Gyuto
Chef’s knife with a 21 cm blade. This particular version features an octagonal handle made from stabilized maple. The handle is lightweight, which places the balance point of this model slightly farther forward than the other knives in this series.
Weight: 192 grams
Thickness at blade heel: 4.5 mm
Thickness at spine midpoint: 2.5 mm
Blade height at heel: 54 mm
Edge length: 218 mm
Steel: Shirogami #2
Ajikataya is a knife series produced through a collaboration between son Mutsumi and father Tsukasa. The knives are made from Shirogami #2 carbon steel, and the blade finish is stunningly beautiful. The Hinoura family is one of Japan’s foremost blacksmithing families.

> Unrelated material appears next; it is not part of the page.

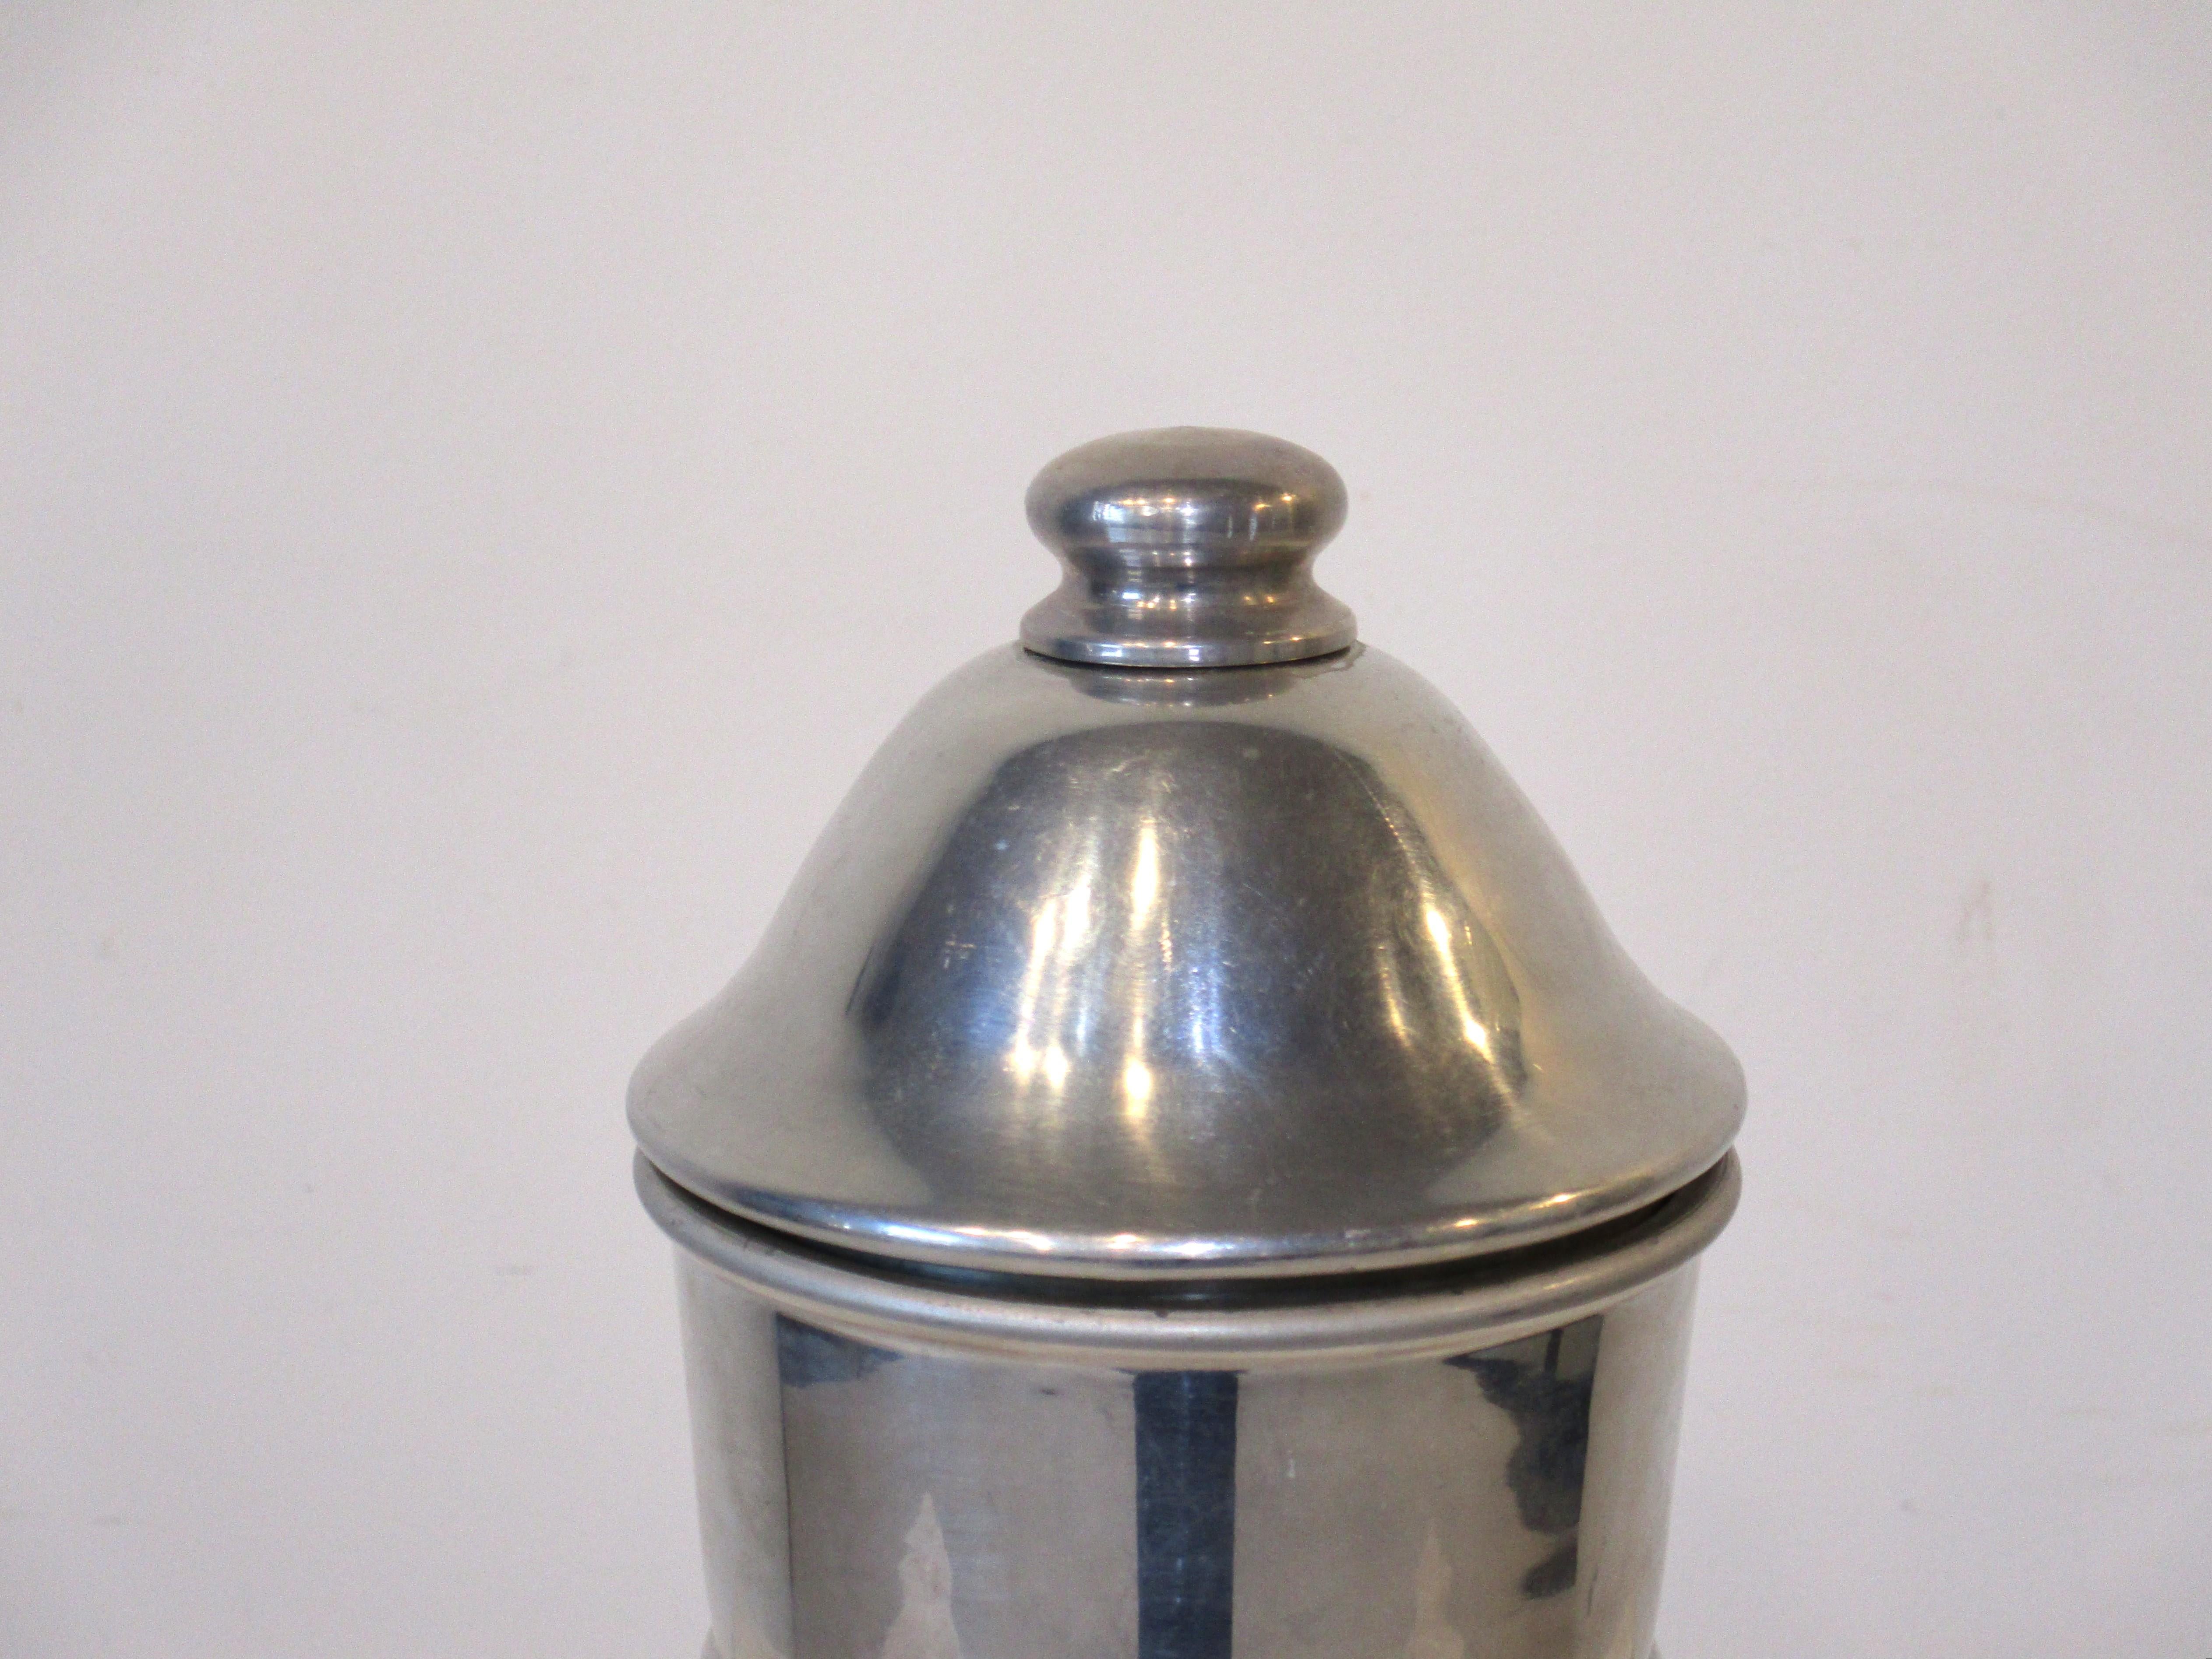 Art Deco Styled Aluminum Cocktail Shaker by Kraftware In Good Condition For Sale In Cincinnati, OH
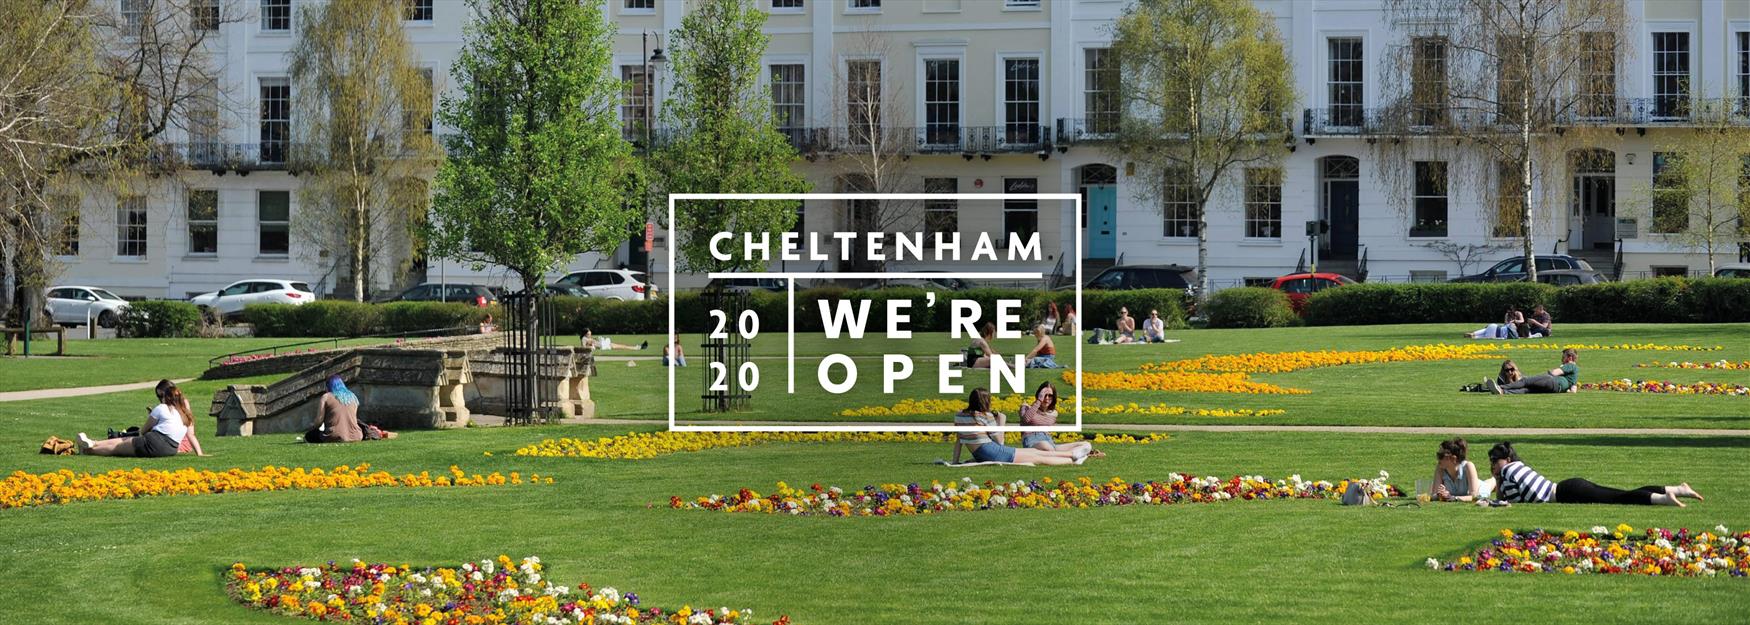 People enjoying Imperial Gardens with text saying Cheltenham, we're open

All knives are hot-forged by hand, and no blade leaves the Hinoura workshop until it is razor sharp and forged to perfection.
In the Ajikataya series, Shirogami #2 carbon steel is used and hardened to 63 HRC. This is a very hard carbon steel that takes an extremely sharp, razor-like edge. Hinoura knives are immensely popular, and delivery times are therefore very long. The blade finish is known as nashiji-kurouchi, a rough, black-oxidized surface that gives a very rustic and authentic feel.
As a finishing touch, the thin and refined edge is given a beautiful kasumi finish. Kasumi is a misty, silky-smooth finish that enhances the contrast between the polished core steel and the softer outer layer. Very few knives are delivered with such an elegant blade finish.
Note: Carbon steel is not stainless! Always wipe the knife dry after use to prevent rust. Over time, the carbon steel will develop a patina in various tones. This is completely normal, but it can be polished away with polishing compound if desired.